The thing about being fat is that—at least for me and the fat people in my life—it never seemed to match what I heard about fat people. Fat people I knew were smart, interesting, passionate, and a thousand other qualities that couldn’t be traced back to any fat joke I’d ever been told. They were athletic . . . or not. Happily relationshipped . . . or not. Highly educated . . . or not. In other words, they represented a vast and diverse human experience, just like everyone else.
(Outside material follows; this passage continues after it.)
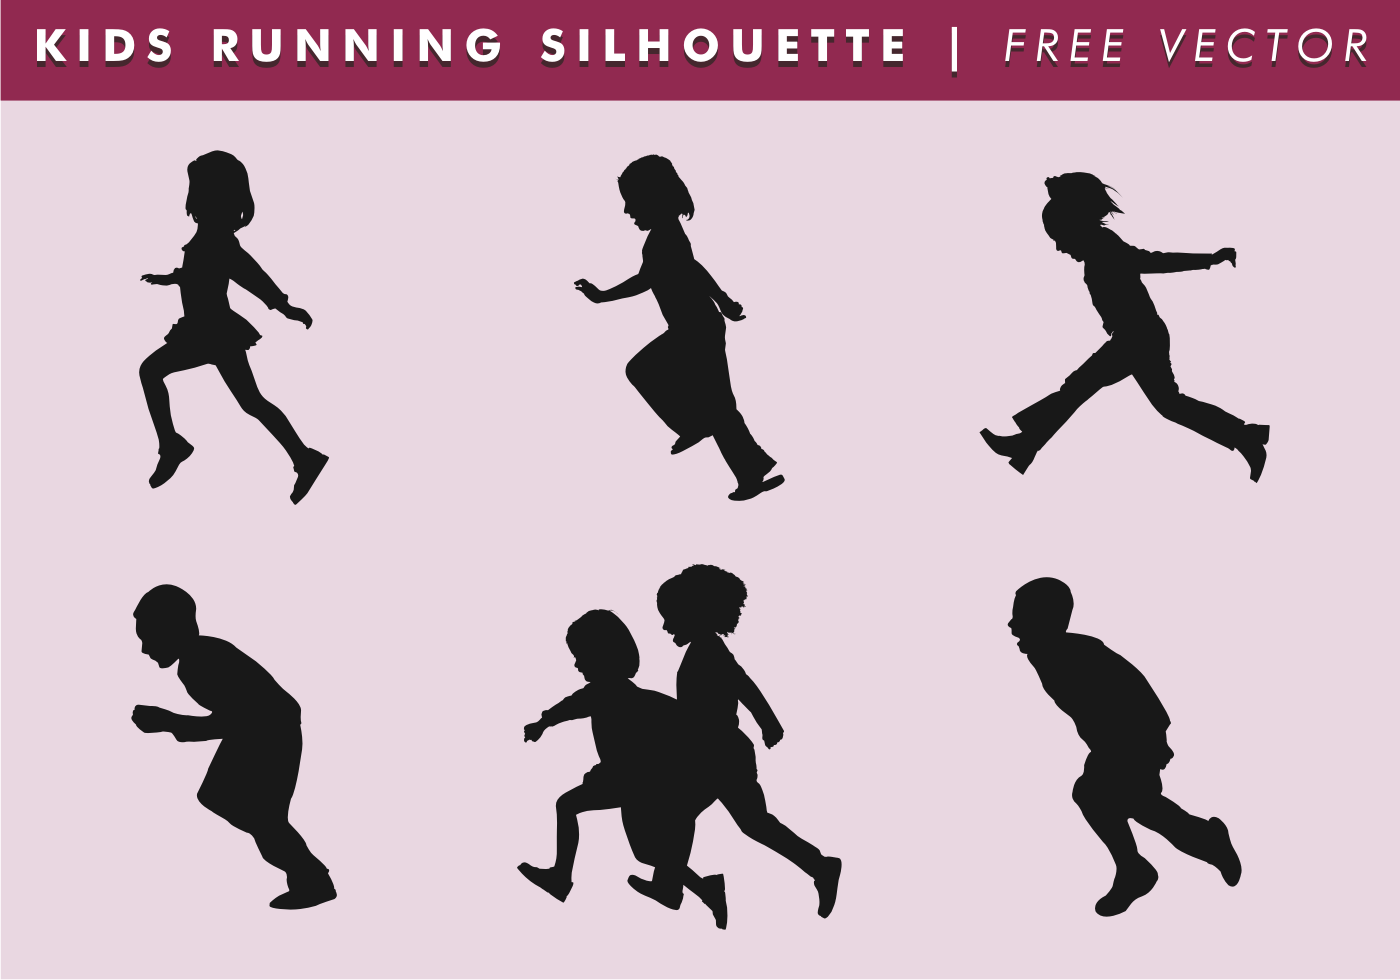 free clipart images children running - photo #45

So, if the stereotypes about laziness and stupidity didn’t line up with my real-life experience, where was this even coming from?
I wish there was a simple pathway from the origin of fatphobia to its often-devastating results, so that fat people and allies could home in on it and easily burst it apart with knowledge and empathy. Look, I’m the author of books about cute teens having swoony experiences, not a social scientist, so I realize a discussion regarding fatphobia in modern culture and its various root causes and effects are beyond my capabilities. I’m so glad those conversations are happening; I’m constantly grateful for anyone embarking on fat studies, and for all the fat activists who’ve gotten people to see this is something worth taking seriously.
But I don’t think it takes a social scientist to understand where misunderstanding, stereotypes, and even downright hate are coming from. Just the experience of living as a fat person teaches you quite a bit about why the world sees us the way that it does. And something that’s hard not to learn? As far as pop culture goes, we might as well not exist.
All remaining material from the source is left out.